++++ SOURCE DATA ++++

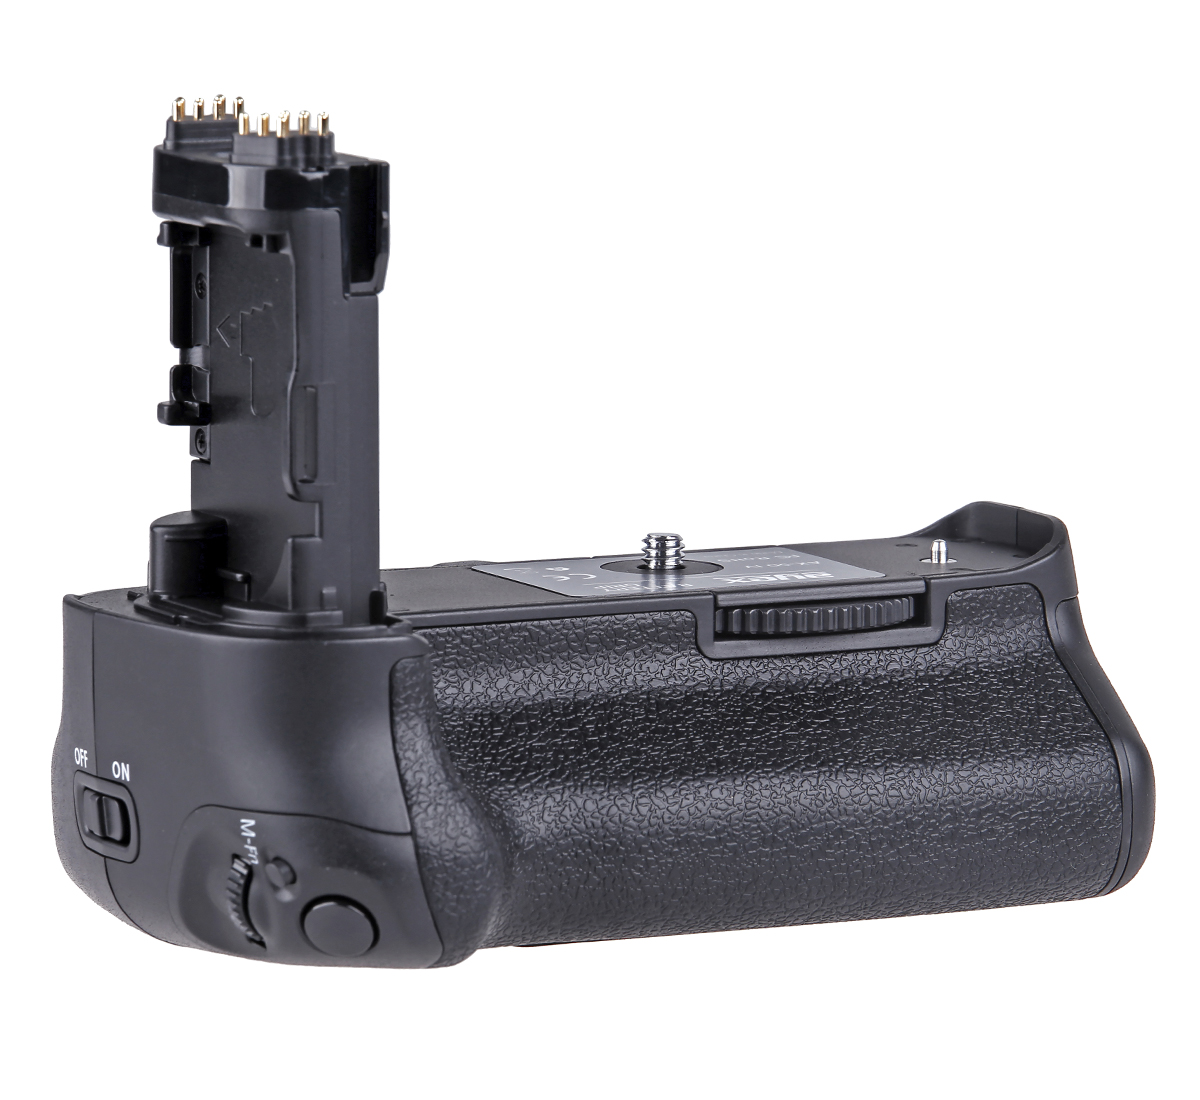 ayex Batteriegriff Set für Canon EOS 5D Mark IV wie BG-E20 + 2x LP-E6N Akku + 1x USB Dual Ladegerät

++++
++++ SOURCE DATA ++++

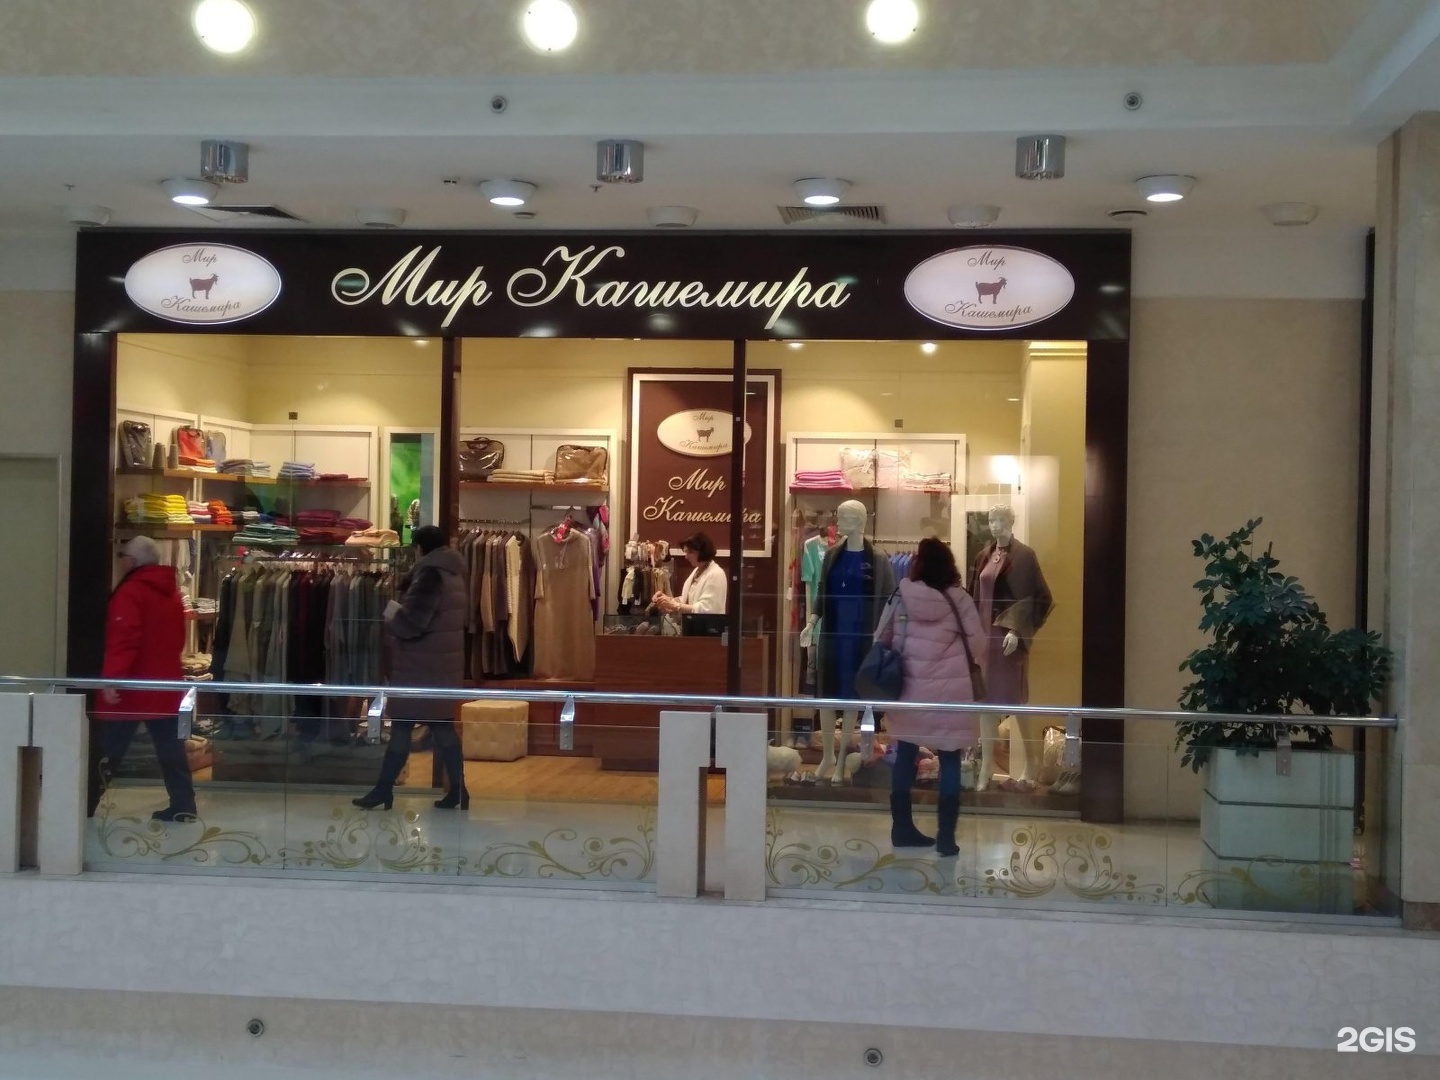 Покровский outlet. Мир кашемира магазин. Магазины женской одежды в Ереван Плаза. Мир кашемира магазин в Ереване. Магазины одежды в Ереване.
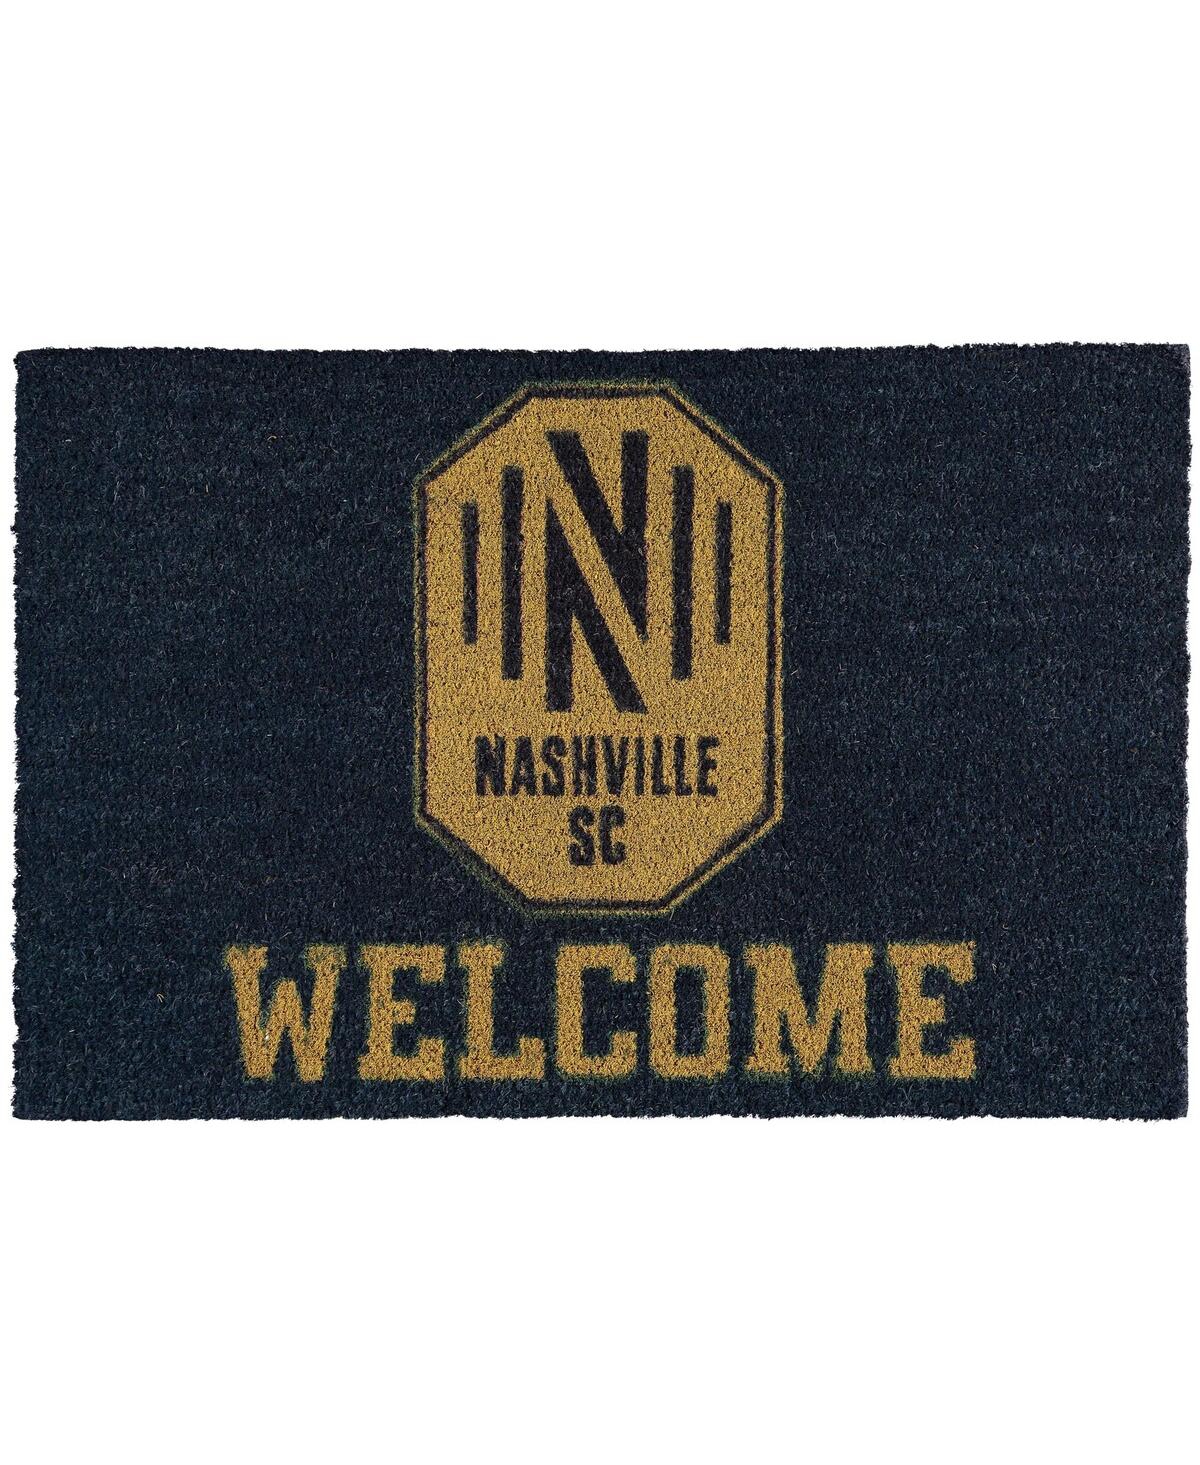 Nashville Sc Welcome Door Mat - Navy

++++
++++ SOURCE DATA ++++

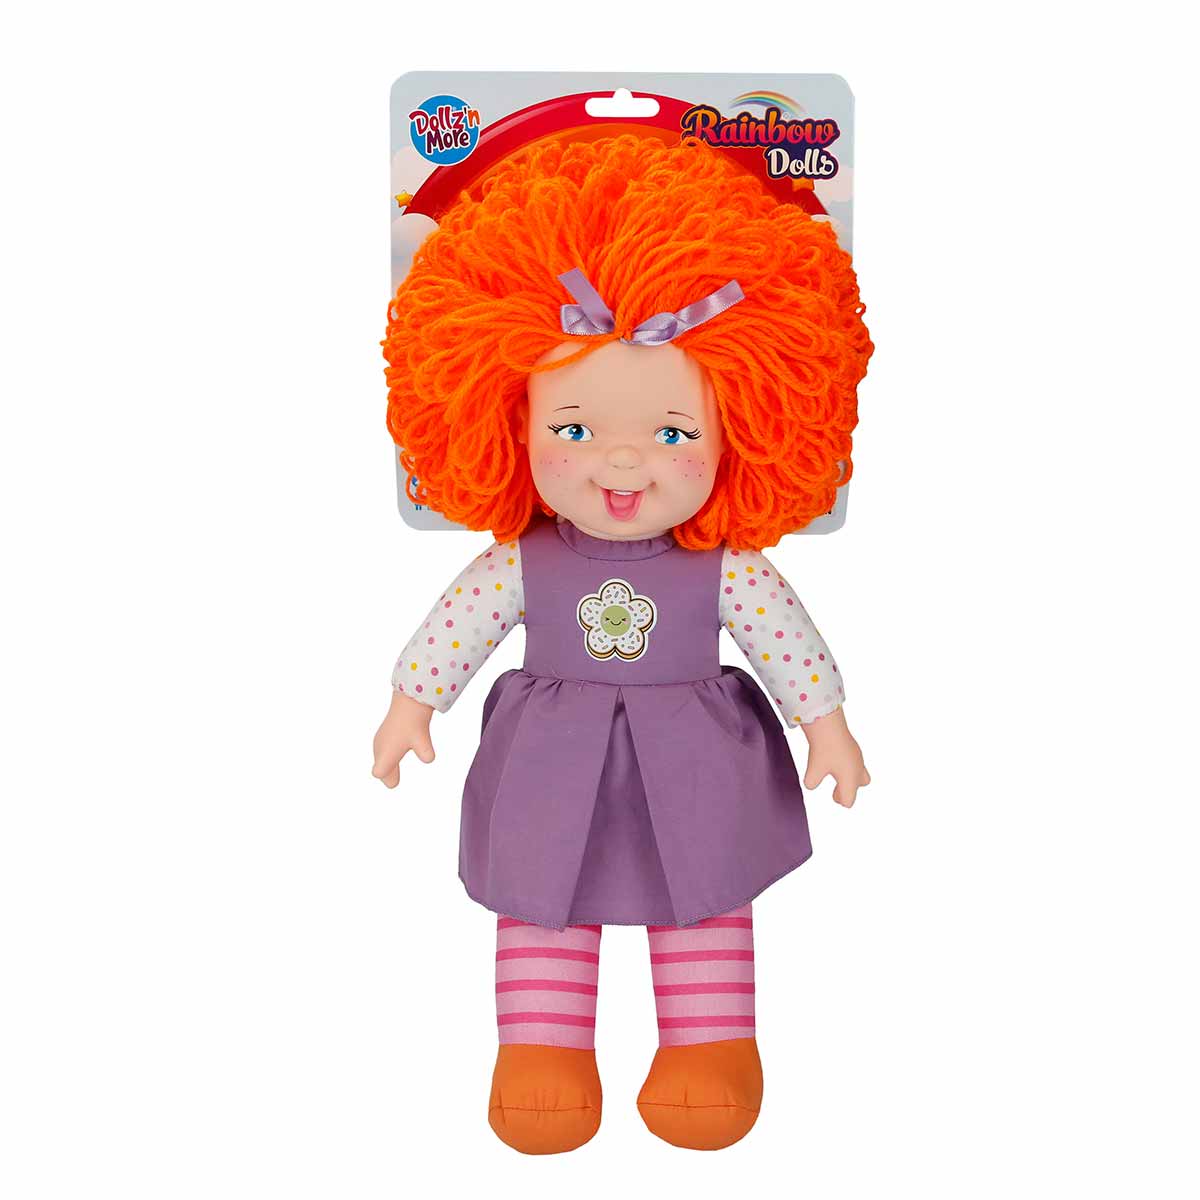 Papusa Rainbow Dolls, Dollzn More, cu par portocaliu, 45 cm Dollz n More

++++

## TASK ITEM
Print an exact copy of the lines above, from the one containing "Покровский outlet. Мир" through the one containing "Nashville Sc Welcome Door Mat - Navy", and leave out the pictures.

## ANSWER SPACE
 Покровский outlet. Мир кашемира магазин. Магазины женской одежды в Ереван Плаза. Мир кашемира магазин в Ереване. Магазины одежды в Ереване.
 Nashville Sc Welcome Door Mat - Navy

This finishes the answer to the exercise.